Dear all,

I have one questions regarding the implementation of the new block in dynare for SMM/GMM. In fact, I find it quite convenient simulation tool for moment comparison. However, I have one question regarding the interpretation of the ‘black box’. Usually, the new block could always search for the best optimized results within the given parameterized boundary, however, since the given boundaries are kind of subjective and it could always rule out the continuous optimization process like SMM, which contributes to no standard errors calculated, I am wondering how to interpret the given results when the boundary does limit the optimization. Can I still interpret it as SMM results since it’s optimized within a given region ?

Best

The interpretation is a bit tricky. It’s probably best to think about it as a kind of Bayesian approach where your prior is flat but involves parameter bounds. But in strictly frequentist terms, the bounds may indeed be a problem.

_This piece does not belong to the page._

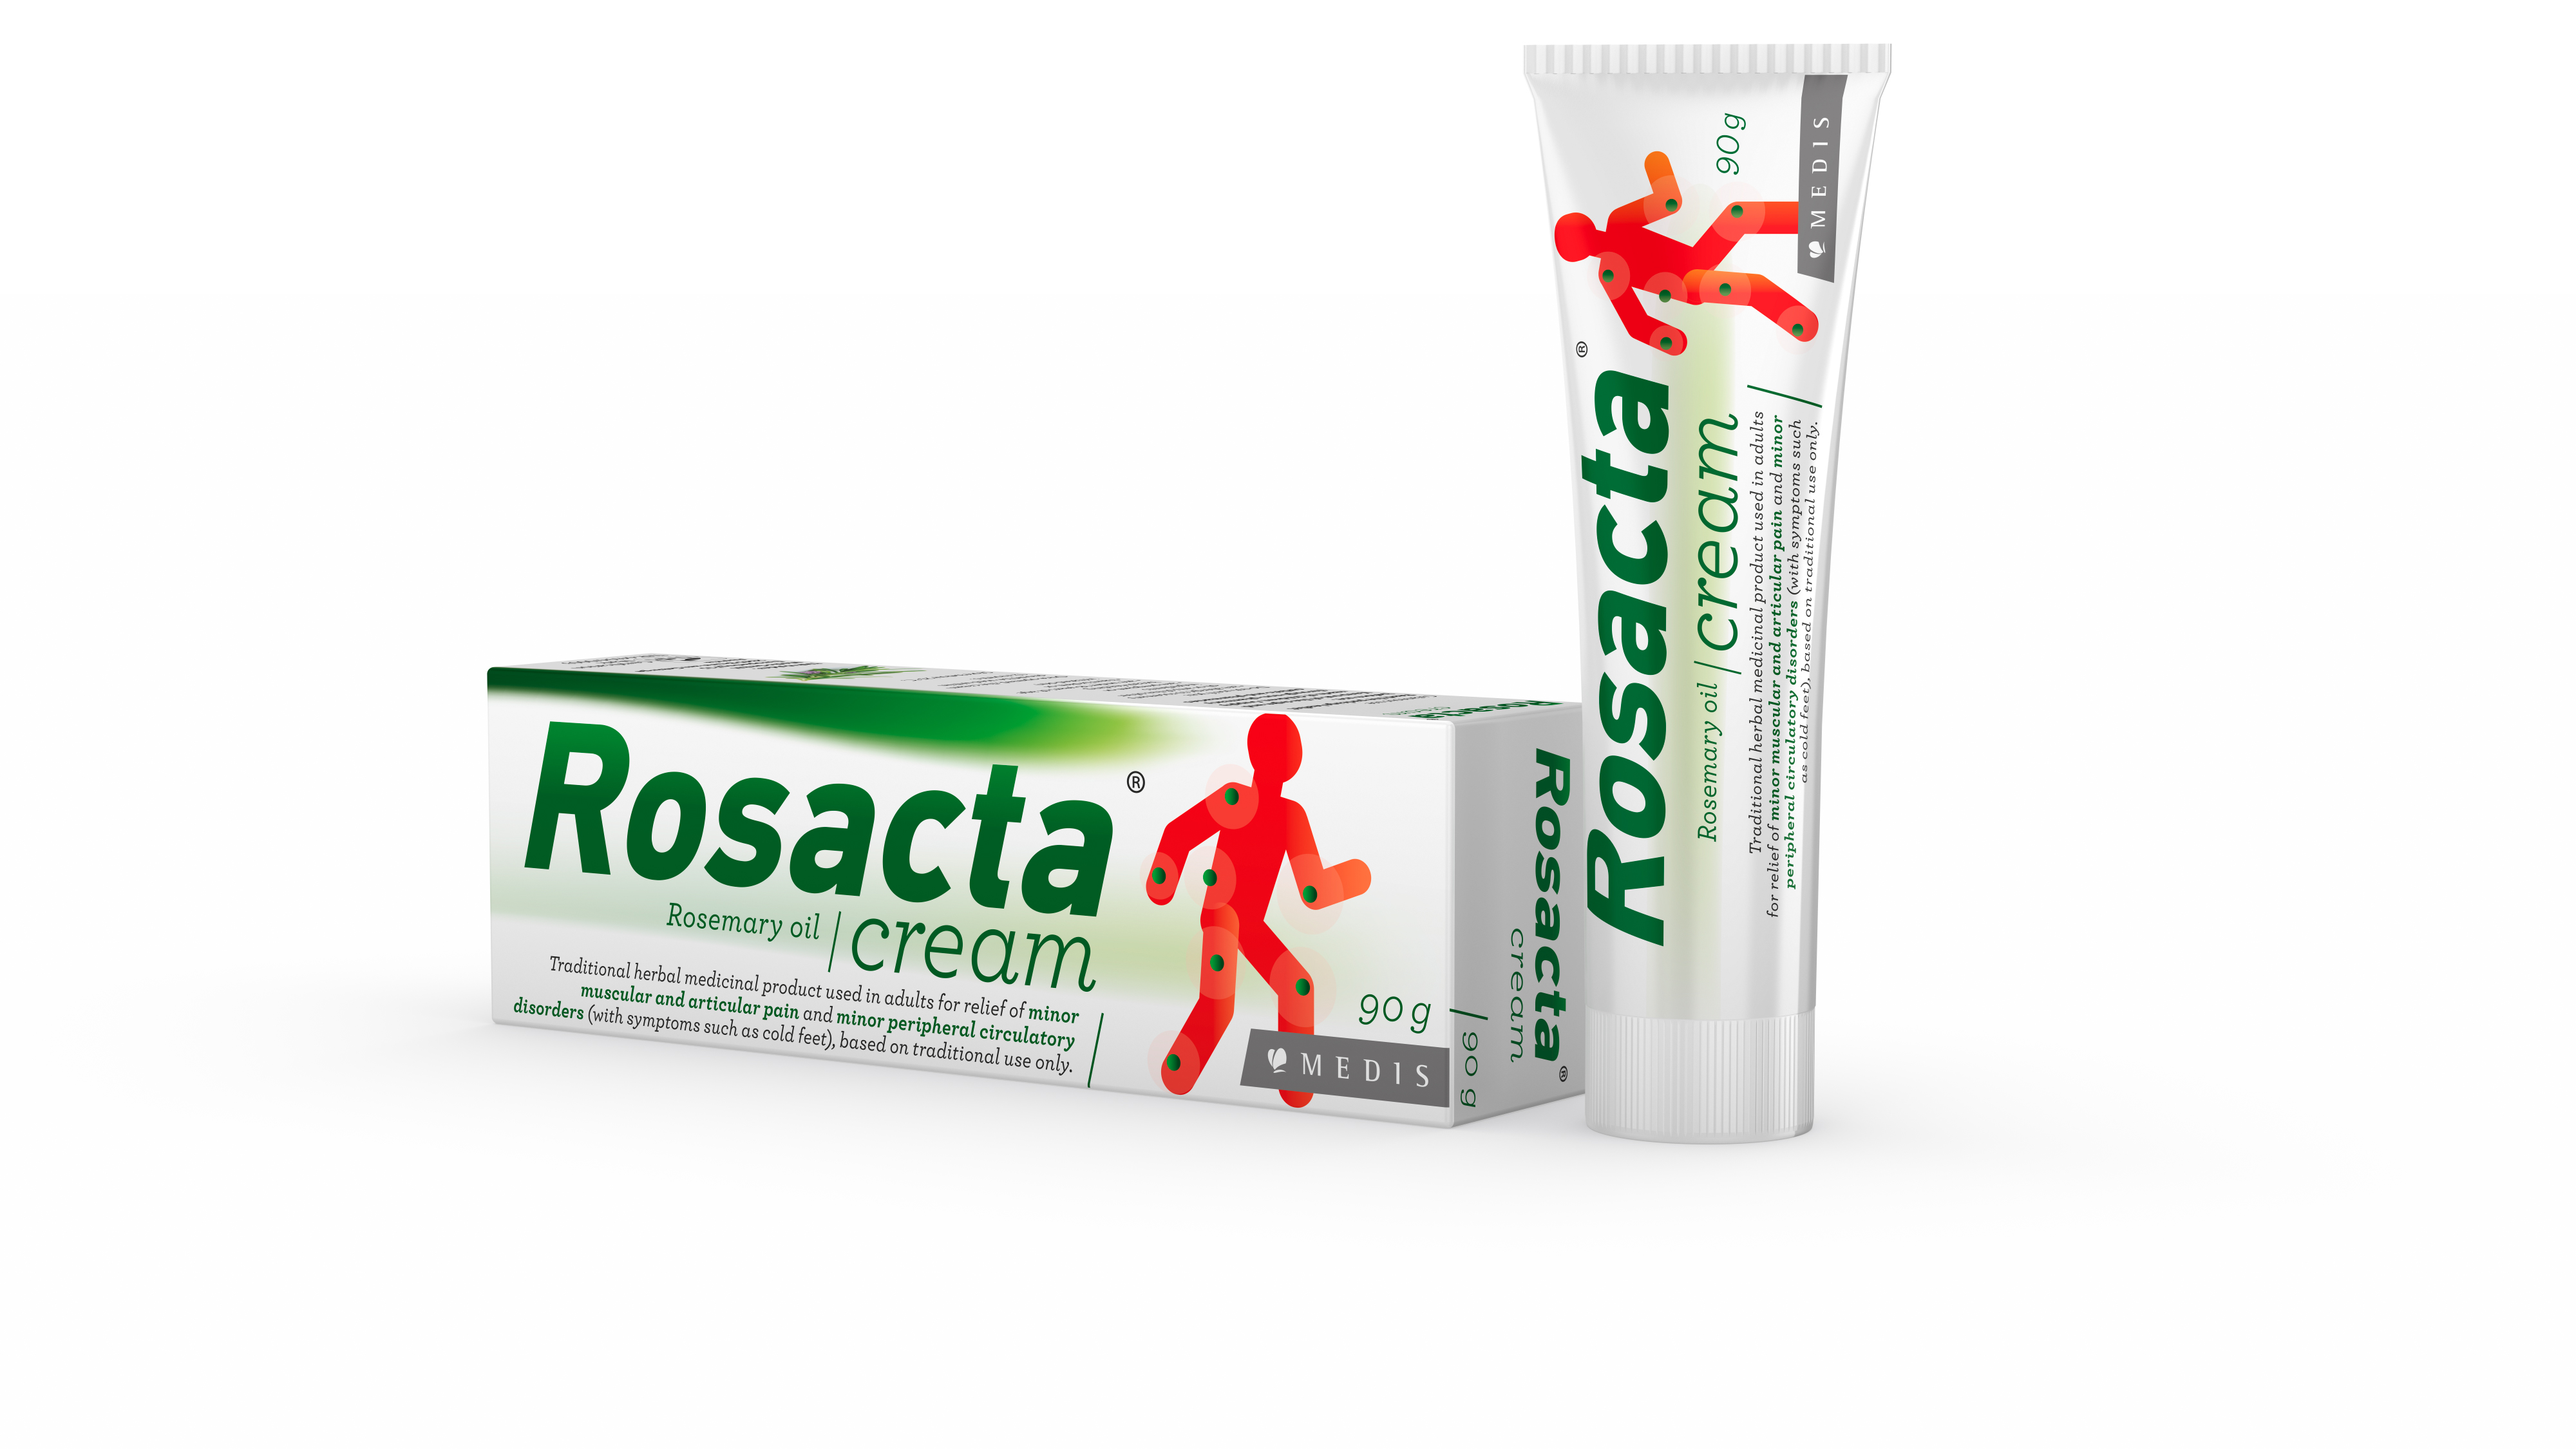 Rosacta® Cream

Professor, is there a way to match with data correlation not covariance in match_moment block with matlab ? It seems that the SMM block could only match with covariance but not correlation since there is only demean option for data but no normalize option for the simulated data ? For instance, if I want to match a series autocorrelation ACF(1) not cov(y,y(-1)). Is there any way to do with it ?

No, that is not possible as the standard errors cannot easily be computed. But the autocorrelation is just a function of the autocovariance and the variance.

Thanks, professor! Just one more question. Do you know why my dynare crash sometimes when it’s running to the end of printing and suddenly quit the system ? It happens lots of time. My code should be no problem. This just happens by occasion. Sometimes, it doesn’t happen but sometimes it does.

Without any more specifics/details about the problem it’s impossible to tell, particularly if it’s not reproducible.

Professor, can I ask you one question regarding the new block of SMM estimation ? I am using it for estimation and obtain some result from it, but when I tried to use the estimator in my own stoch_simul. I find that it cannot replicate the data and model comparison as the estimation shows. Where is my problem ? The log shows the estimation result and the New5.mod is the file I am trying to replicate the log result. By adjusting the log parameters, I find the SMM reports result and the New5.mod result have large difference.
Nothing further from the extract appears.